Recently, a number of reports suggest encouraging results with the use of JAK inhibitors baricitinib and ruxolitinib in several distinct type I interferonopathies. In fact, one XLPDR patient with refractory colitis was treated with tofacitinib with positive response of the colitis and no exacerbation of pulmonary infections.

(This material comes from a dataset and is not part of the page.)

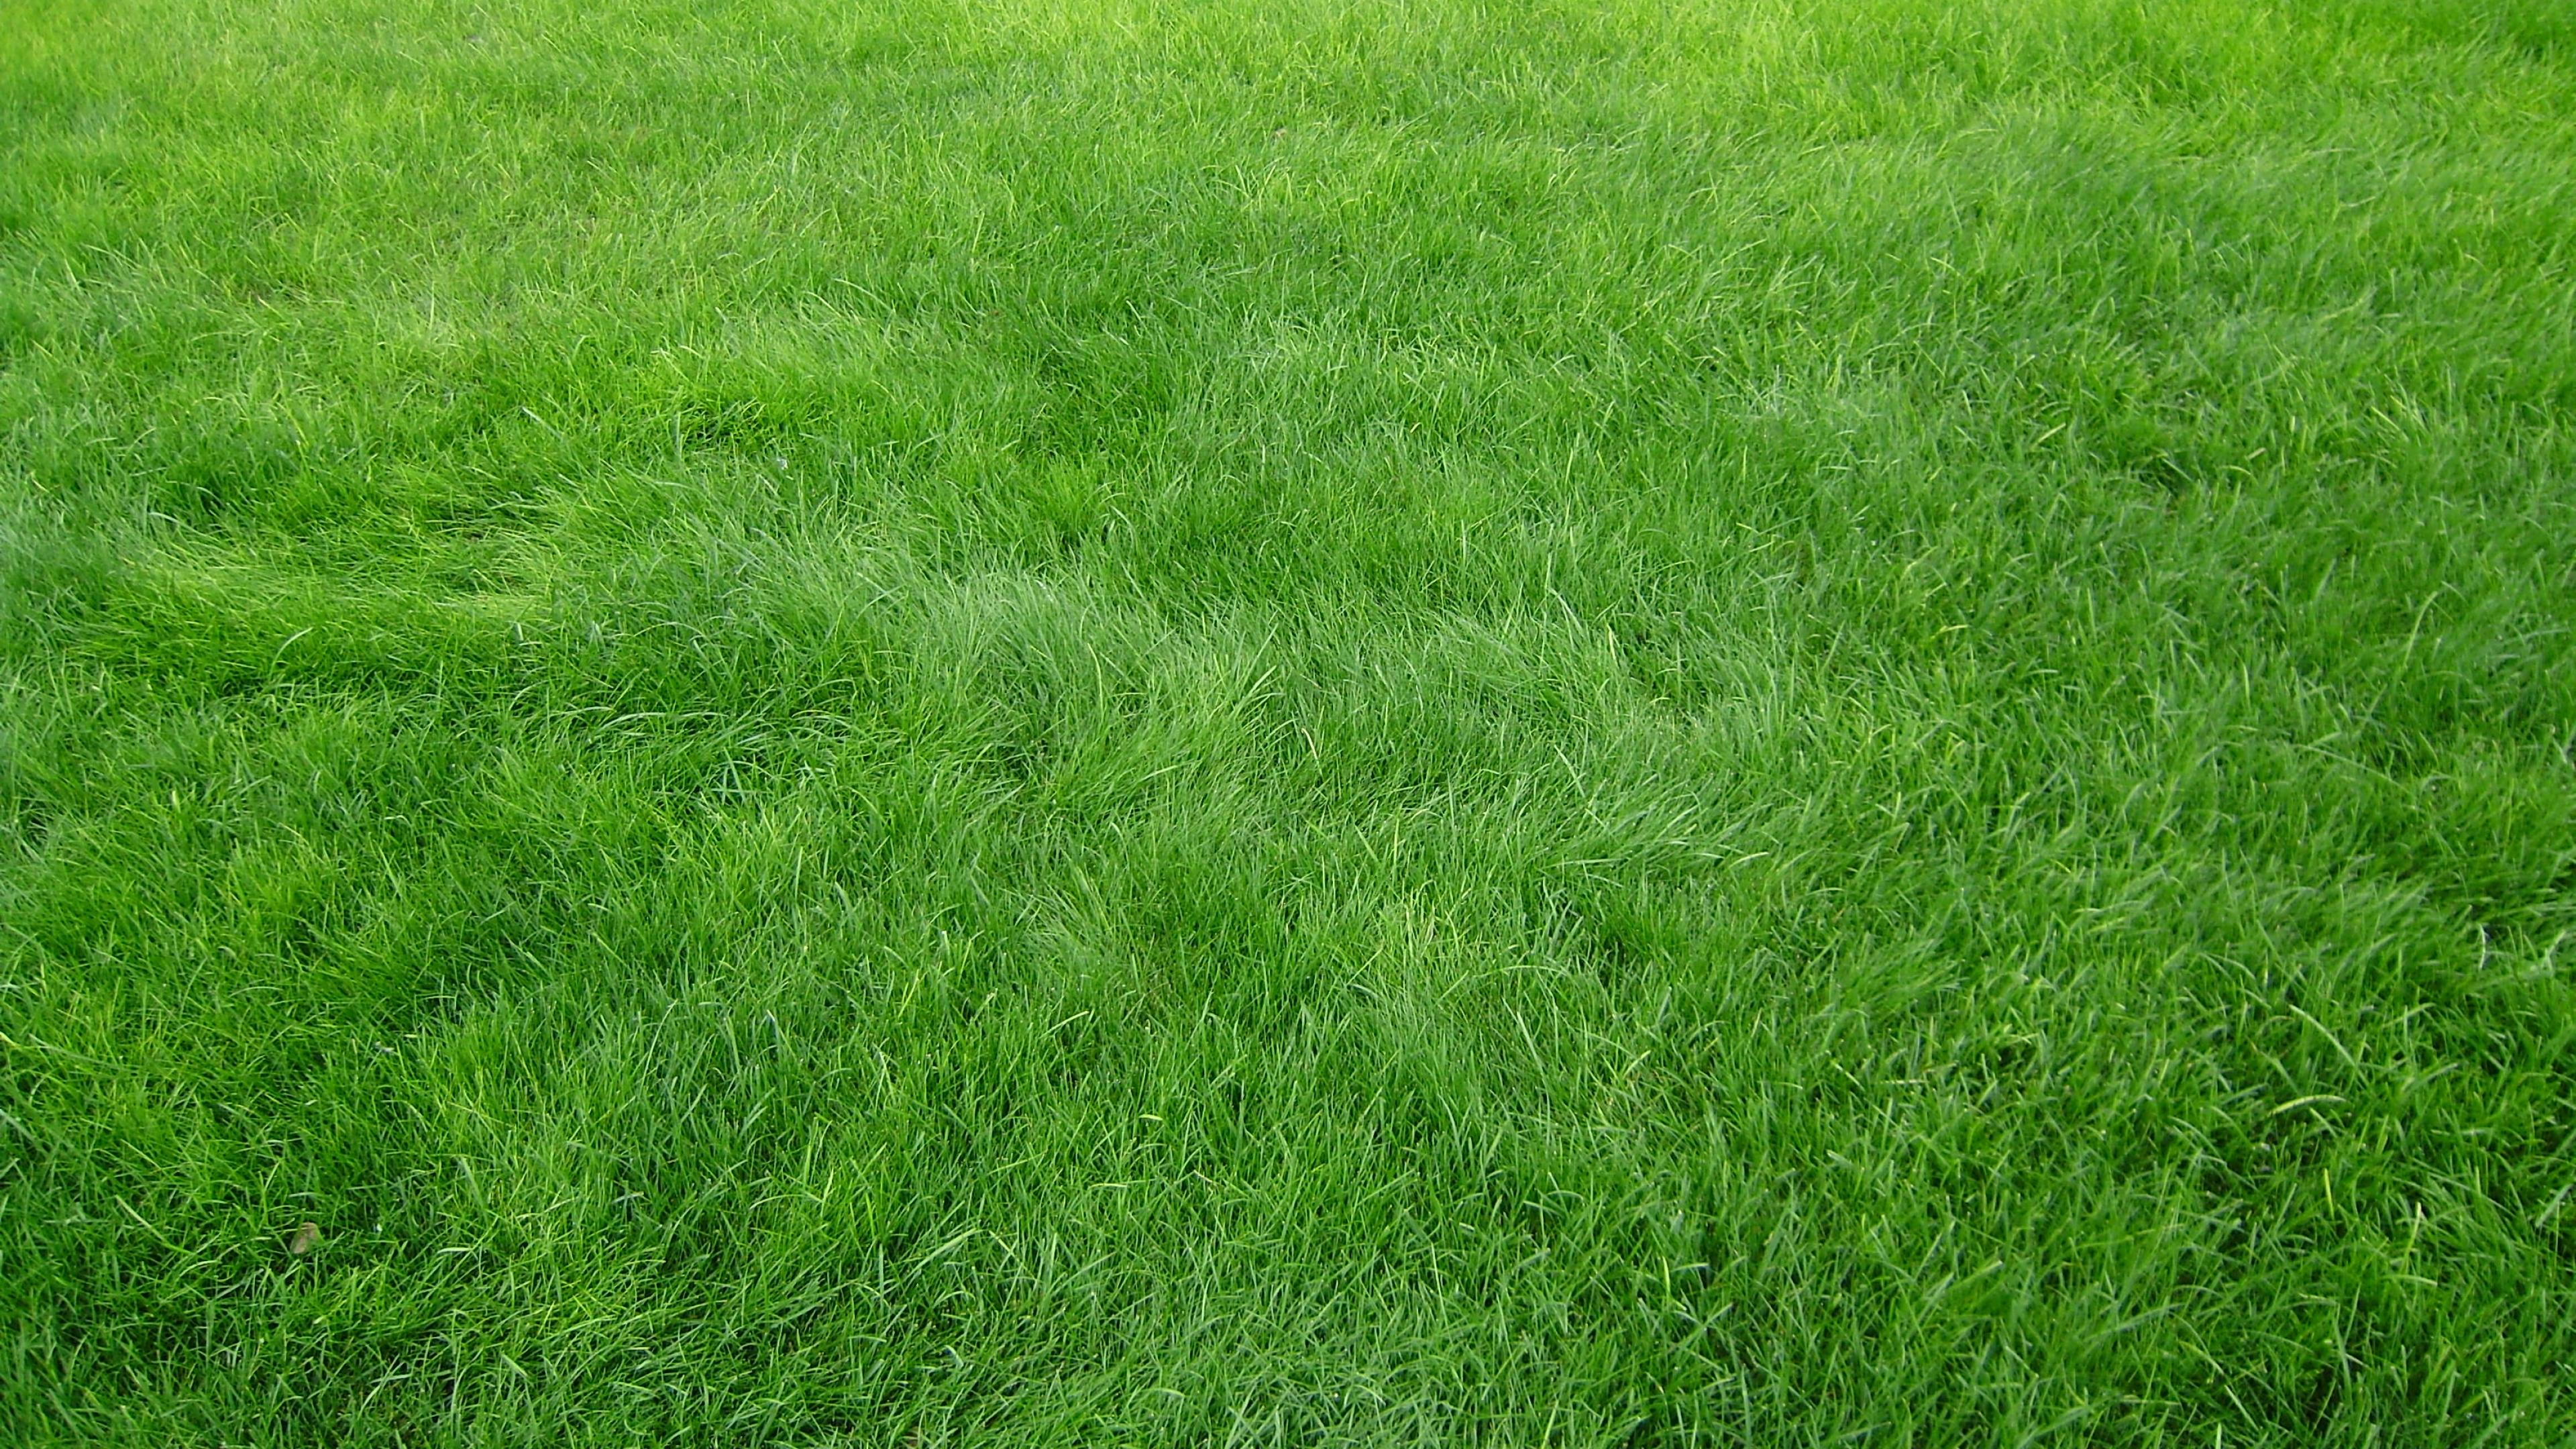 4K Wallpaper Grass - WallpaperSafari

Other options that may be worth considering in the future are interferon receptor neutralizing antibodies, which are being actively pursued in the treatment of lupus where they show particular promise. A path for definitive treatment for XLPDR is at present unclear, but it is tempting to speculate whether the immunologic disturbance is predominantly driven by the hematopoietic compartment. The clinical course of the eye involvement is consistent with this possibility. If so, the disorder might be amenable to hematopoietic stem cell transplantation and could even be suitable for gene therapy and autologous stem cell transplant.